Map data onto an existing reference
Instead of starting a new map from scratch, you can map a set of clustered files onto an already existing scaffold analysis. This will generate a map with the same layout and the same landmarks as the original analysis. In order to do this select a reference .scaffold file from the left dropdown, and one of the sample clustered files from the right one (all files need to be located in the current working directory).
You can then use the two boxes to select the markers to be included in the mapping. Markers will appear in the gray area below, in the order in which you have chosen them.
Important: the markers will be mapped between the two datasets in the order displayed in the two gray boxes. The first marker in the right box, will be considered equivalent to the first marker in the left box, the second to the second and so on.

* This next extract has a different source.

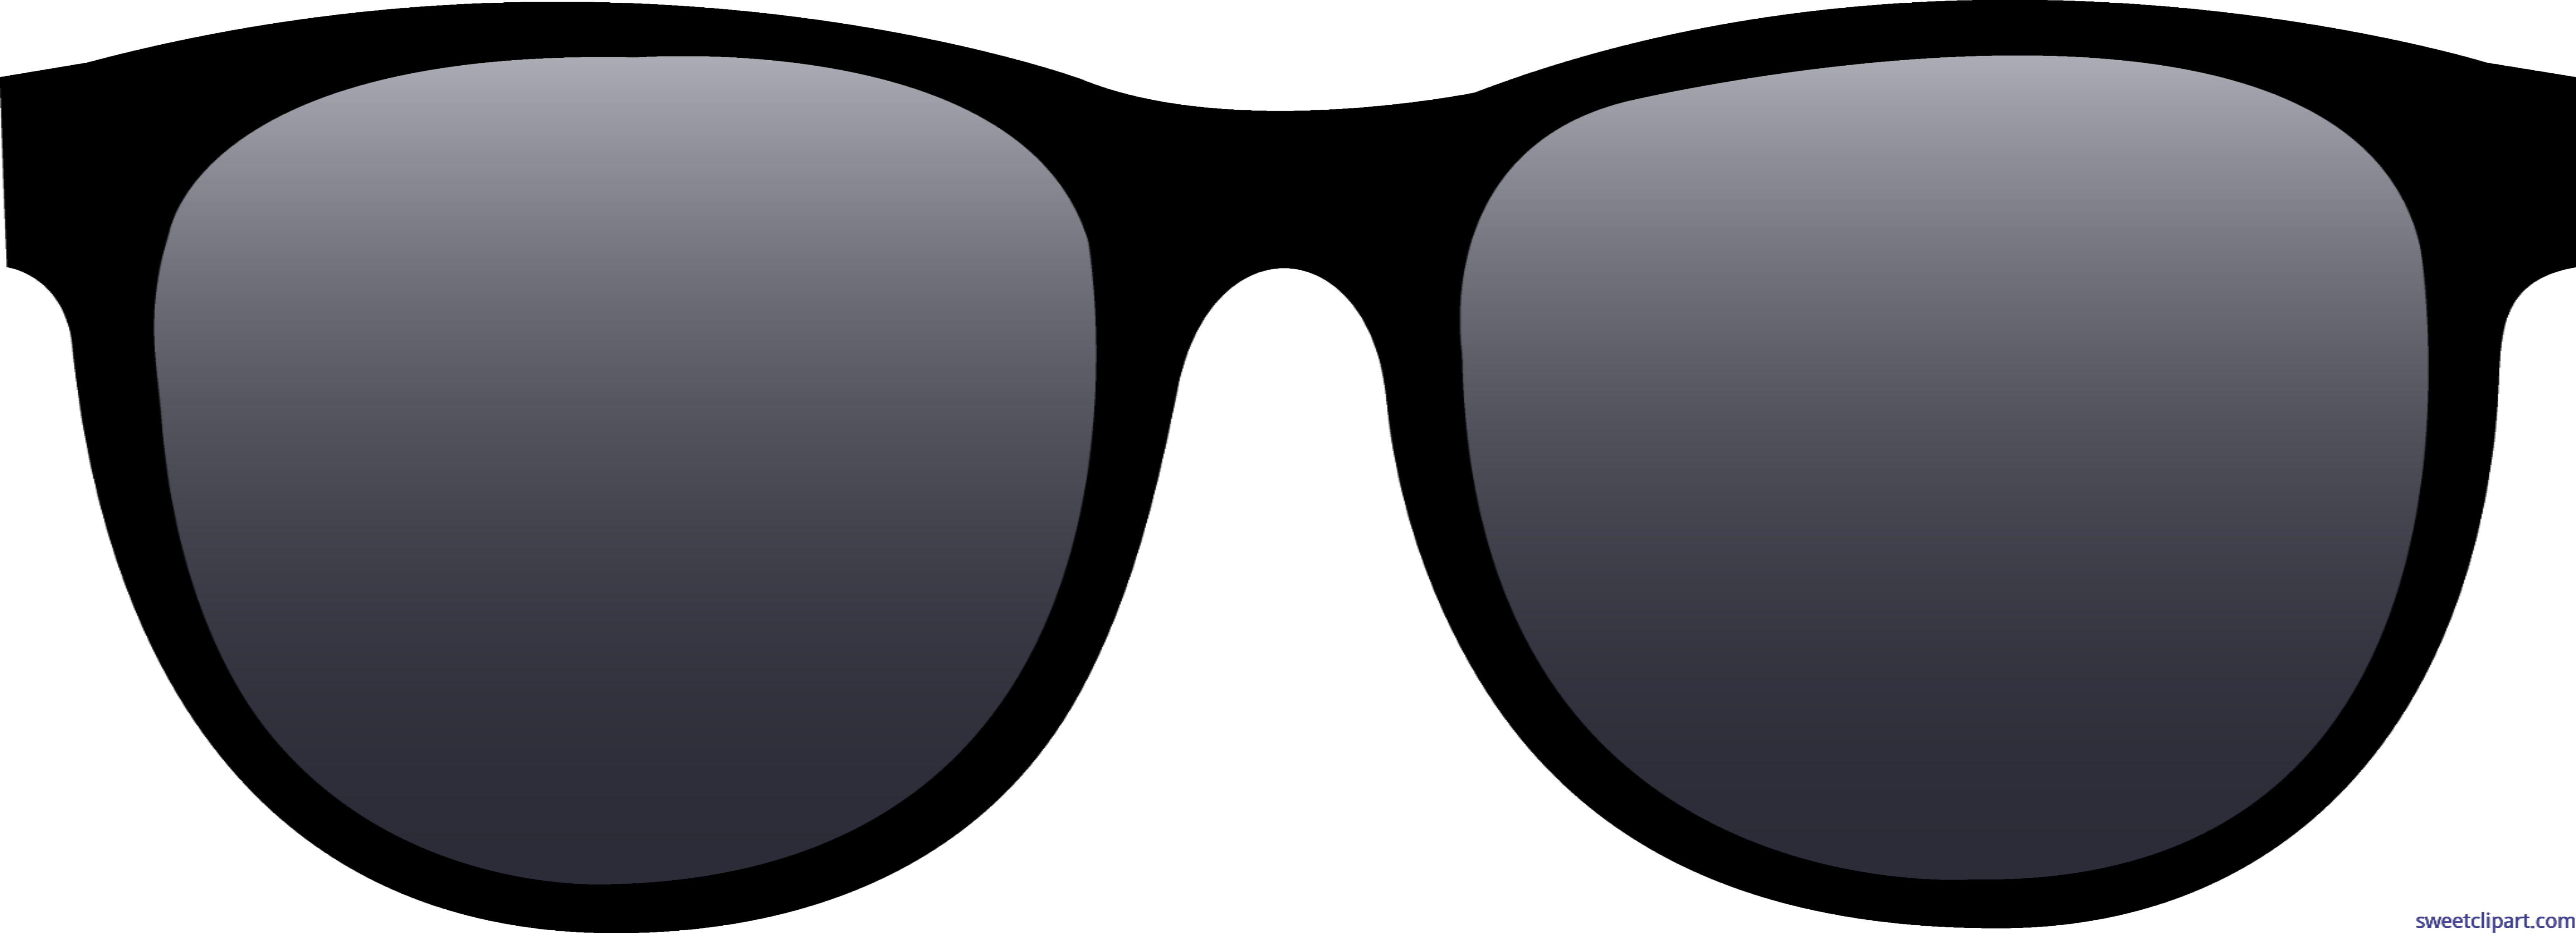 Sunglasses black. Clip art sweet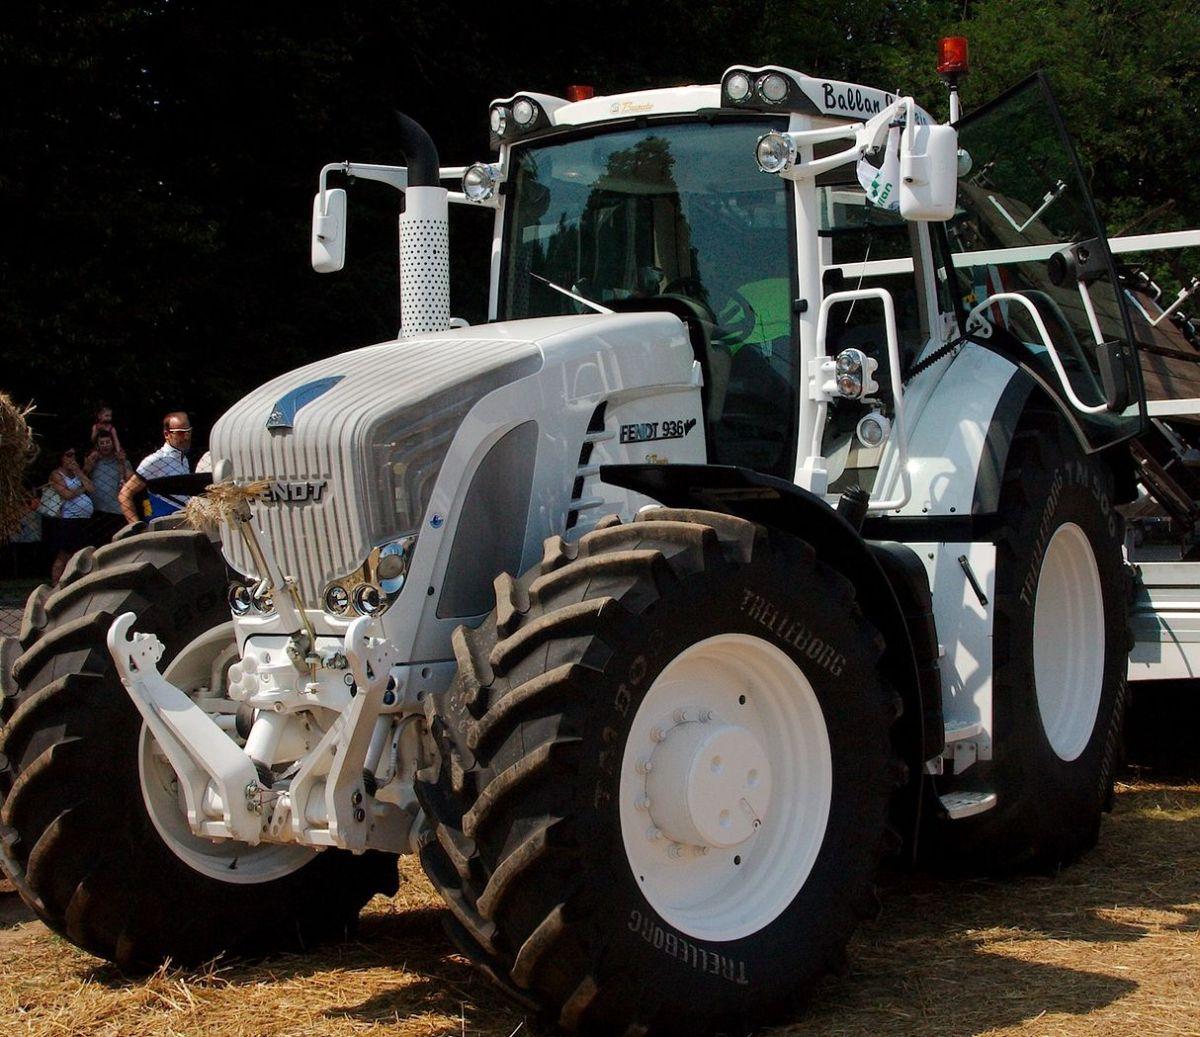 traktor Kreis Aichach-Friedberg | Autofahrer attackiert Traktorfahrer Aichach Friedberg News Polizei & Co Polizei Sielenbach Traktor |Presse Augsburg

It is therefore extremely important that the markers appear in the correct order in the gray boxes. You can drag and drop on the markers to rearrange the order, or simply input them in a different order to begin with (the latter is usually more convenient).
This is a rundown of the two options:
- Overlap resolution method: this controls how overlaps between the nodes are resolved in the finaly layout. Repel corrseponds to the standard ForceAtlas2 implementation, nodes are applied a strong repulsive force when they are on top of each other, which causes them not to overlap in the final layout. This may be problematic when a lot of nodes are clustered around a central hub, because the requirement that they do not overlap ends up completely dominating the layout, so that the nodes essentially become arranged in a grid. If that happens you can select the expand option. With this mode, instead of the nodes repelling, the whole graph is expanded linearly, until the nodes don't overlap anymore. This gives a much more accurate positioning of the nodes in these cases.
- Add inter-cluster connections: whether you want to add connections between the clusters (see above in the section Construct a SCAFFoLD map). It is highly recommended to check this option. If the option is checked, two additional options will appear
- Markers for inter-cluster connections (if different): in cases where there is limited overlap between the files you are mapping and the reference, you can still use the extra markers you have measured in your sample to calculate the connections between the clusters. In such cases, you can specify here which markers you want to be included in this calculation.
- Weight factor for inter-cluster connections: this is the weight to be applied to inter-cluster connections, generally it is useful for inter-cluster connections to be weighted lower than connections between clusters and landmarks. The default is 0.7 and it is normally not needed to vary this parameter.
When you hit Start analysis, a new .scaffold file will be created in the working directory, containing the result of mapping the new data onto the existing reference dataset.